All that is needed is the line containing "Star Wars Angry" and the lines after it to the end of the material, written out exactly, pictures left aside.

# Dataset section
################
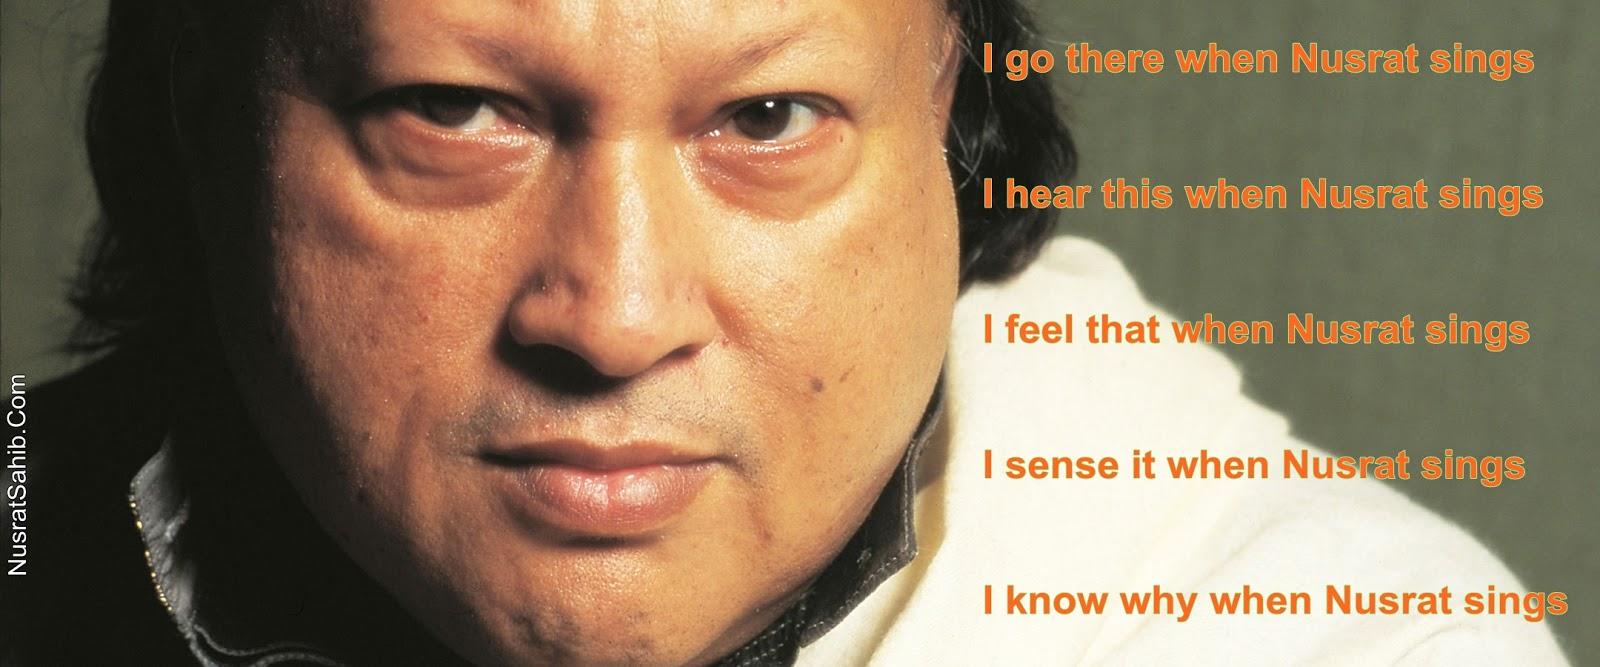 When Nusrat Sings | NusratSahib.Com
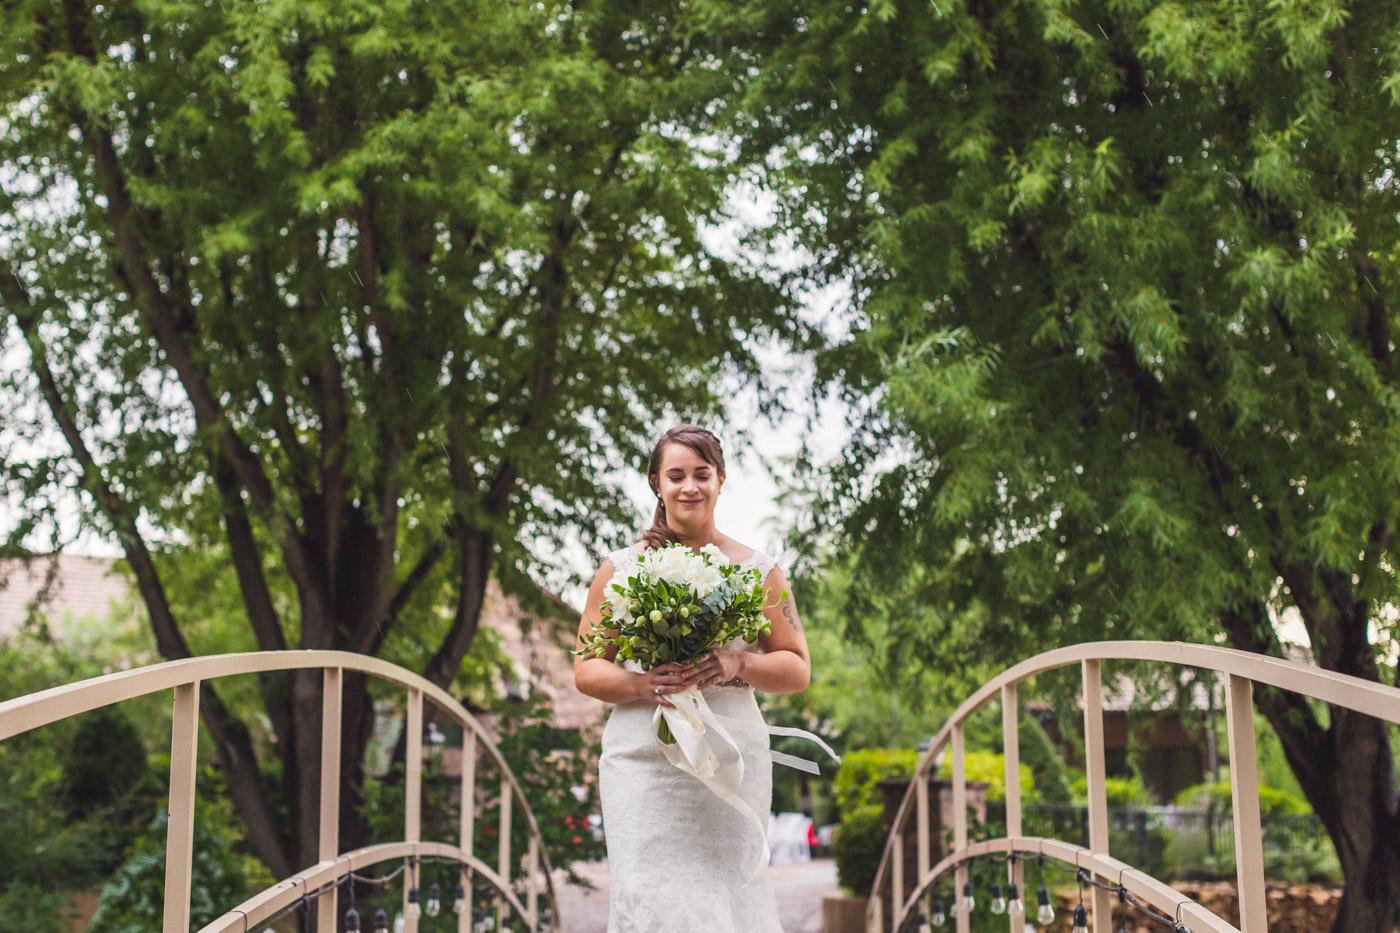 az-bride-walks-to-wedding-ceremony
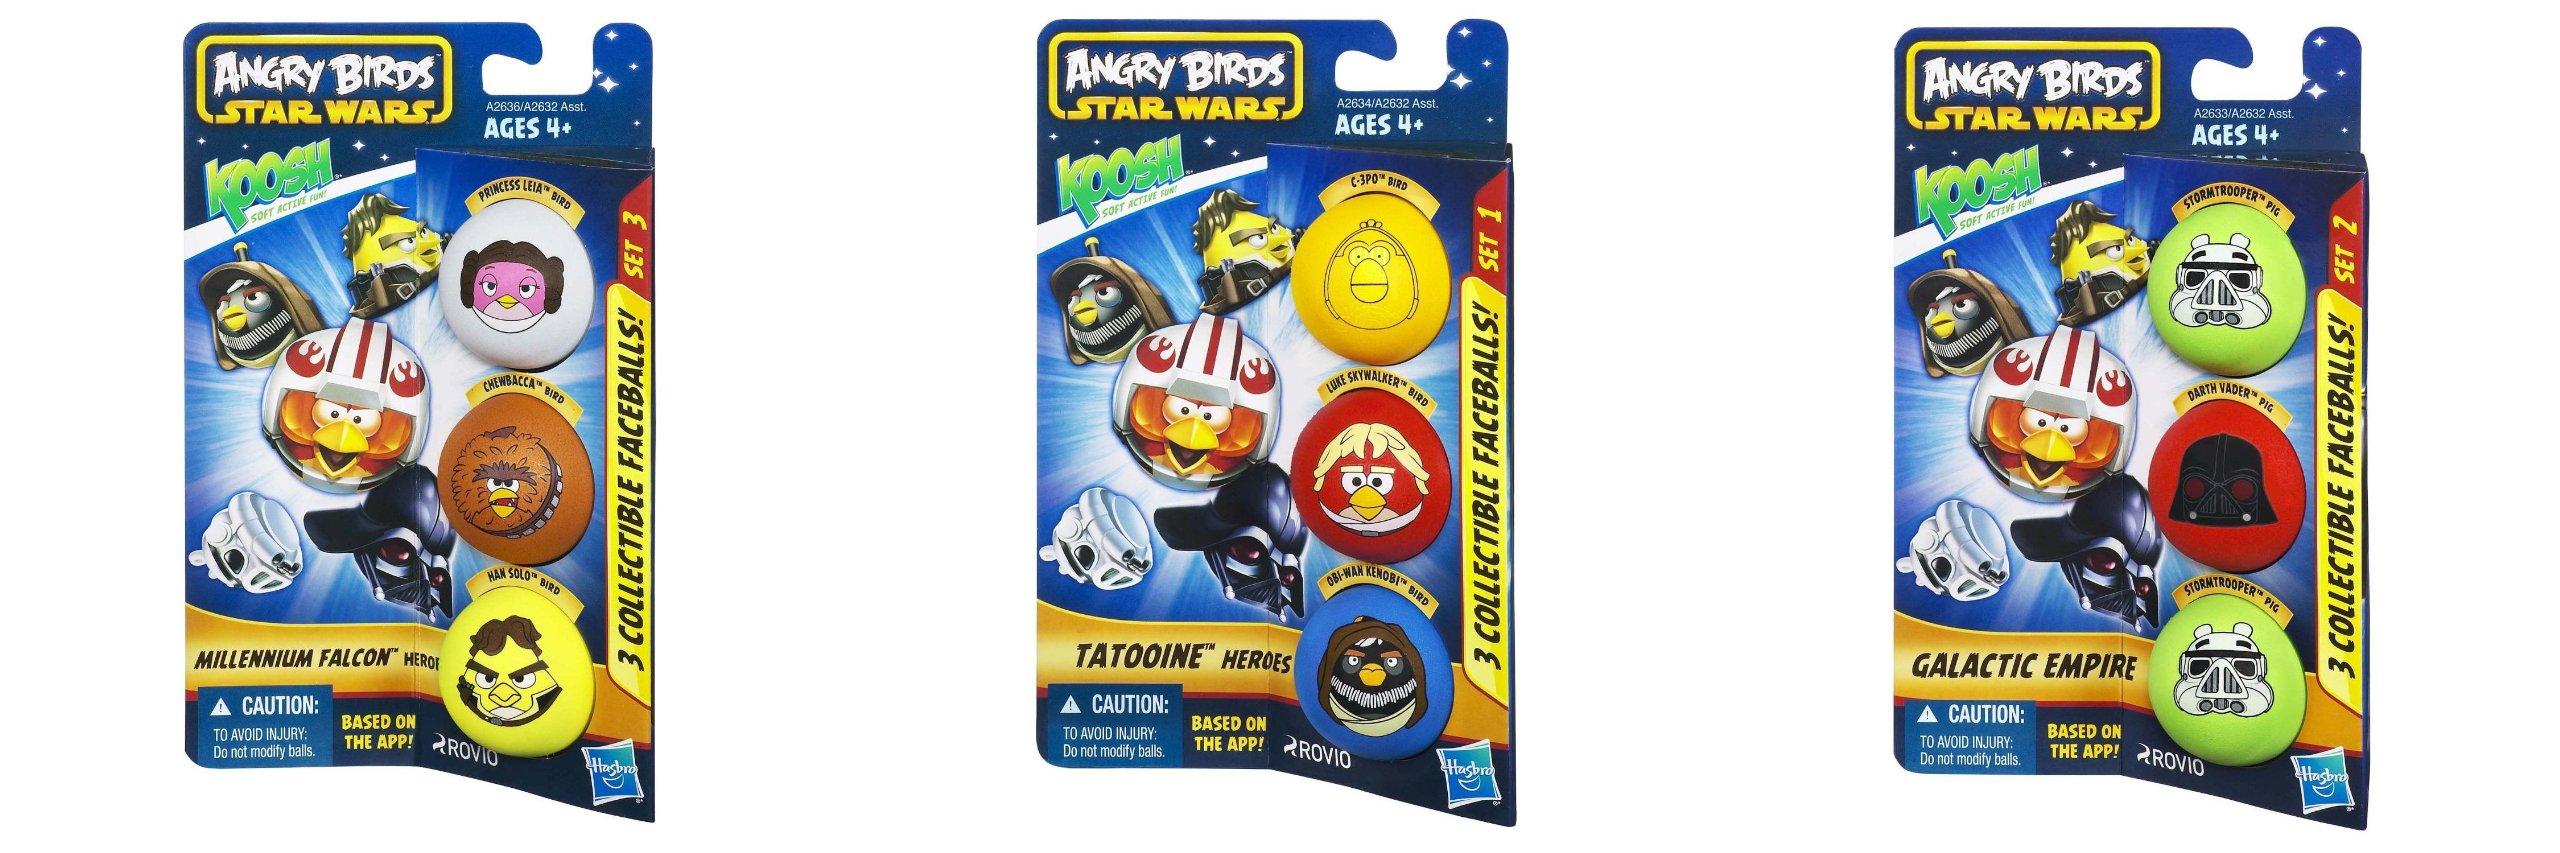 Star Wars Angry Birds Koosh Set of 9 Star Wars Character Balls Hasbro
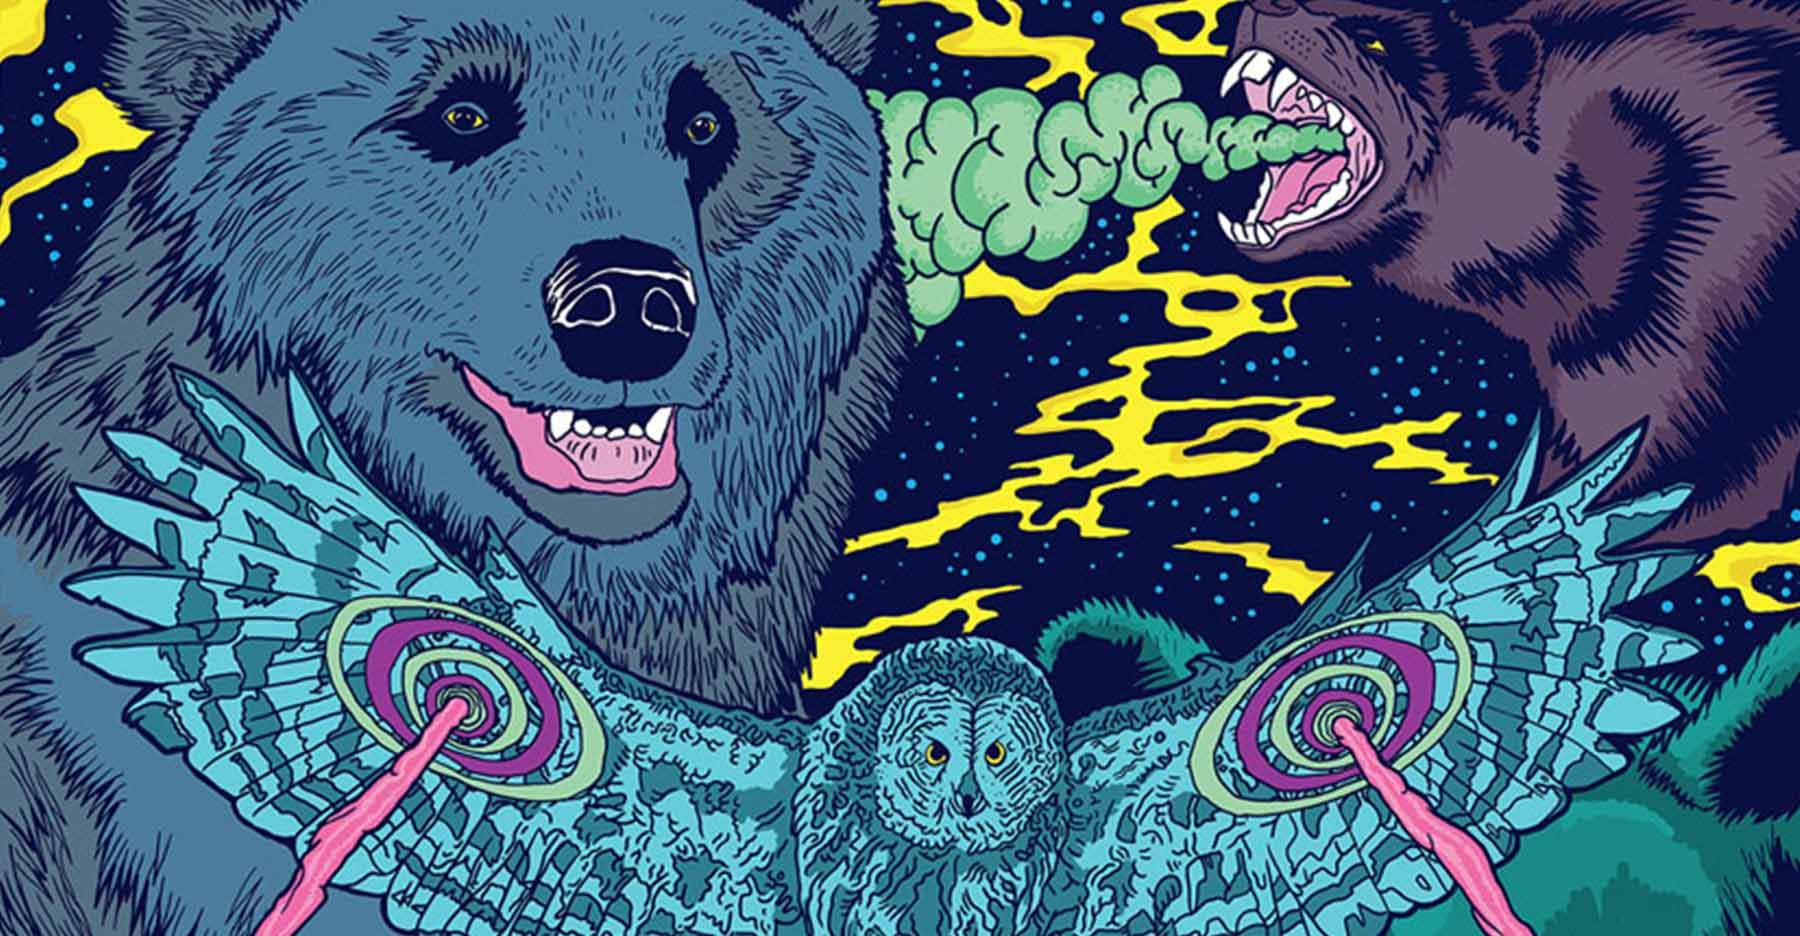 Kaffa Roastery Spirit Animal illustrations by Jari Salo
################
# Solution for this problem
 Star Wars Angry Birds Koosh Set of 9 Star Wars Character Balls Hasbro
 Kaffa Roastery Spirit Animal illustrations by Jari Salo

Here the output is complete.